Completely ignore nodes of specific types.

Use case: Ignore decorative nodes like sticky notes.

yaml

ignore:
  node_types:
    - "n8n-nodes-base.stickyNote"
    - "n8n-nodes-base.comment"

`ignore.nodes` (list of objects)

Flexible rules for ignoring nodes based on name patterns or other criteria.

Structure:

yaml

ignore:
  nodes:
    - pattern: "<regex_pattern>"
      reason: "Why this is ignored"
    - name: "<exact_node_name>"
      reason: "Why this is ignored"
    - node_type: "<node_type>"
      reason: "Why this is ignored"

Example:

yaml

ignore:
  nodes:
    - pattern: "^Temp.*"
      reason: "Temporary debugging nodes"
    - name: "Development Only"
      reason: "Used only in development"

`ignore.global_parameters` (list of strings)

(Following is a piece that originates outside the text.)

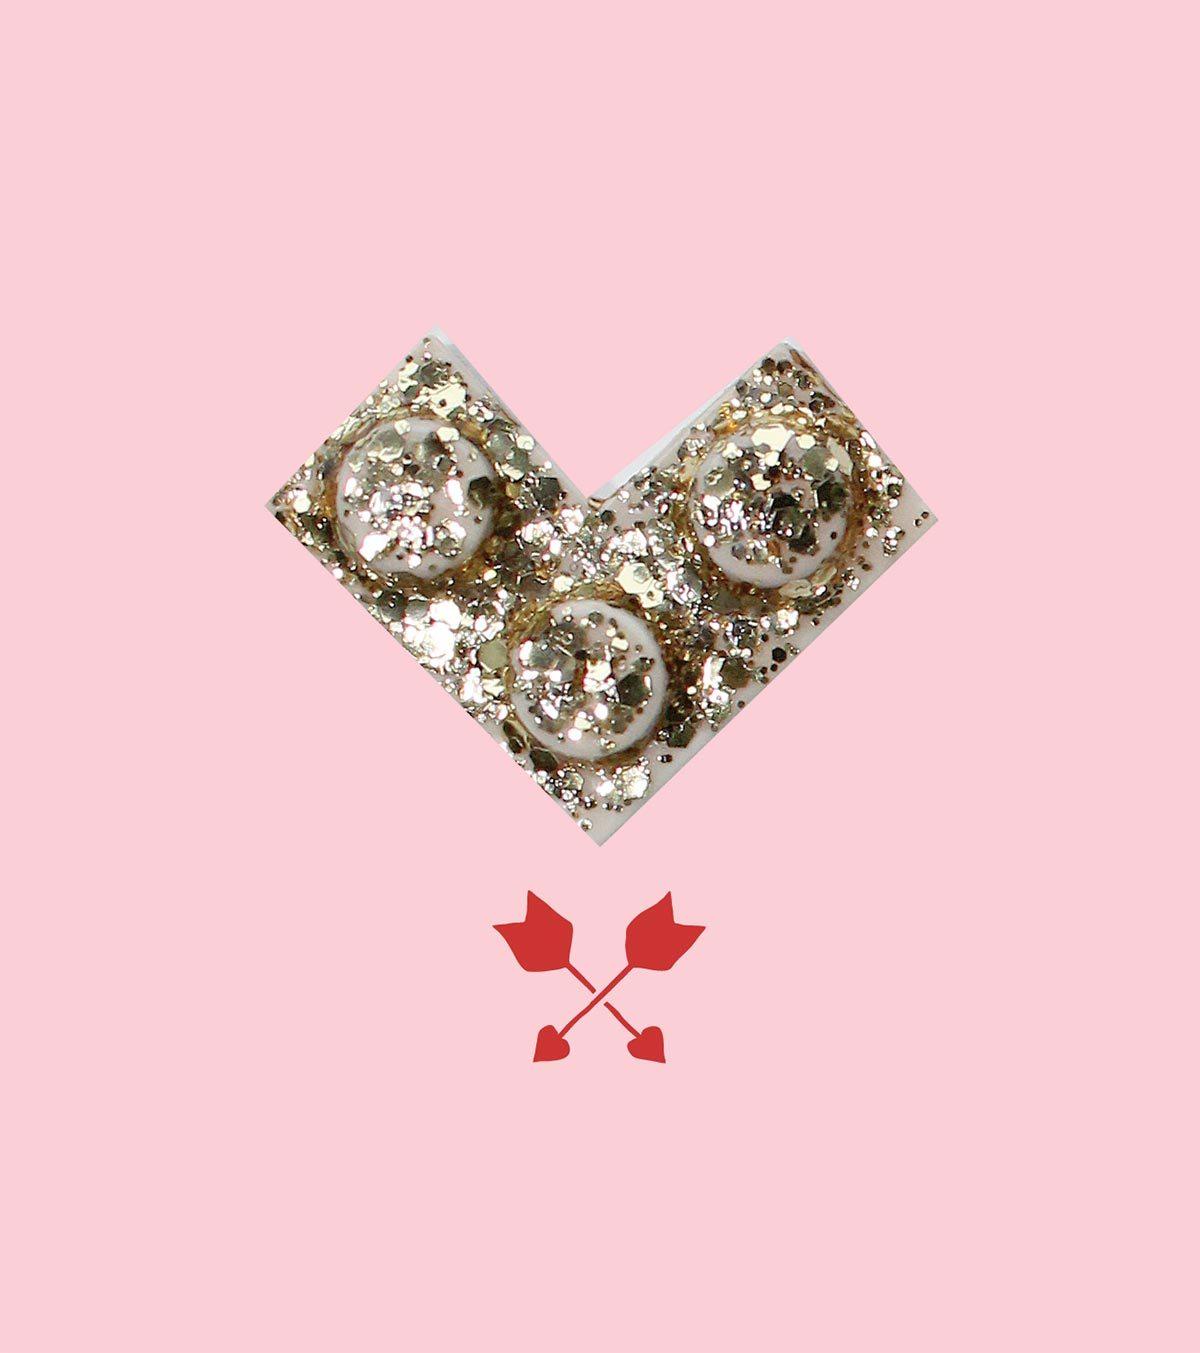 LEGO Valentine's Day card - LivingMiVIdaLoca.com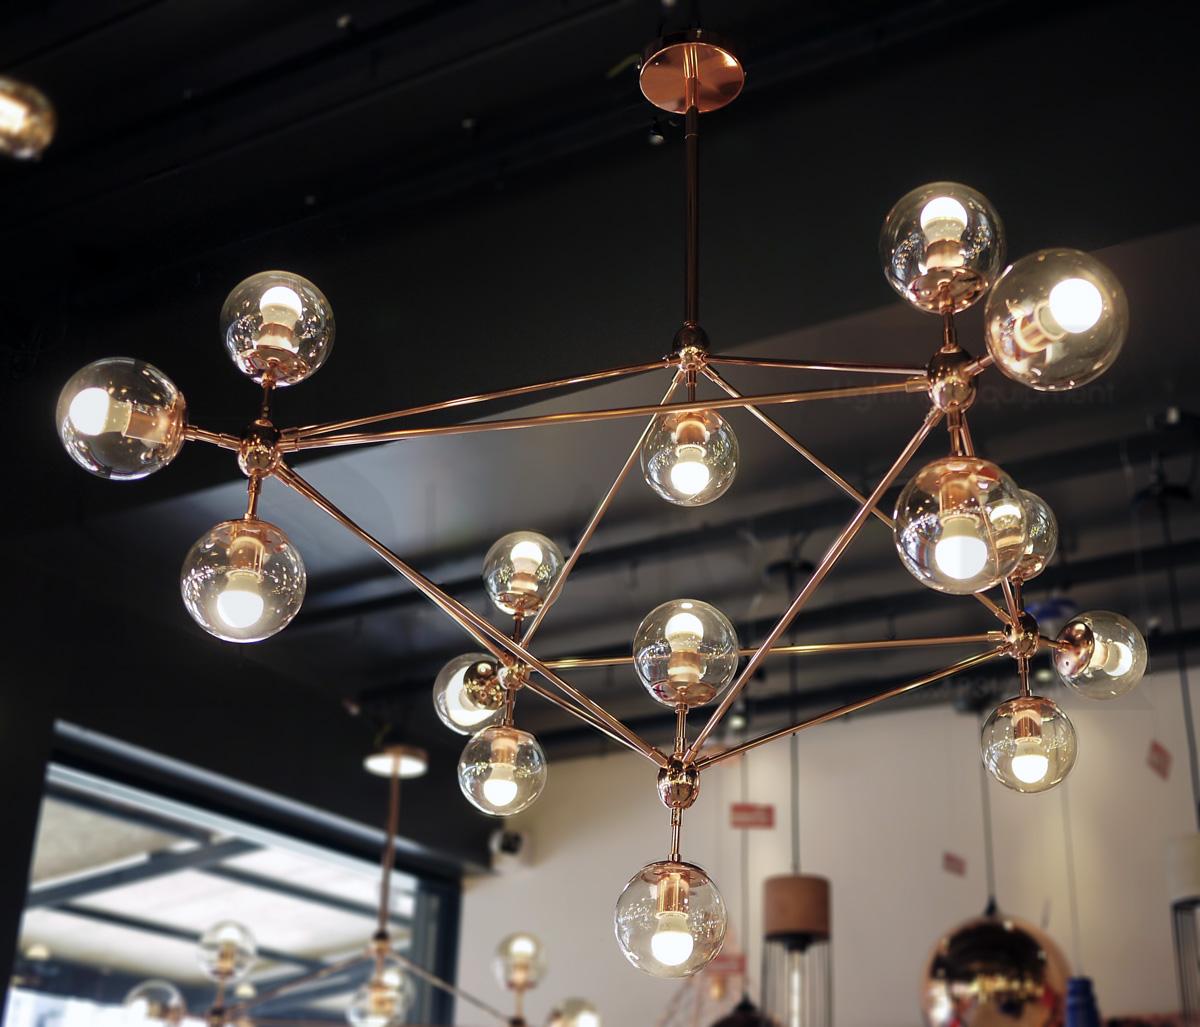 โคมไฟระย้า โคมไฟเพดาน โคมไฟแขวน โคมไฟโมเดิร์น โคมไฟช่อ LFC1033

Parameter names to ignore across all node types.

Common use case: Ignore UI-specific metadata.

yaml

ignore:
  global_parameters:
    - "position"
    - "id"
    - "notes"
    - "notesInFlow"
    - "color"
    - "disabled"

`ignore.node_type_parameters` (object)

Parameters to ignore for specific node types.

Structure:

yaml

ignore:
  node_type_parameters:
    "<node_type>":
      - "<parameter_path_1>"
      - "<parameter_path_2>"

Example:

yaml

ignore:
  node_type_parameters:
    "@n8n/n8n-nodes-langchain.agent":
      - "options.systemMessage"  # Allow different prompts
      - "options.maxIterations"   # Allow iteration variance

    "n8n-nodes-base.httpRequest":
      - "options.timeout"  # Timeout can vary by environment

`ignore.parameter_paths` (list of strings)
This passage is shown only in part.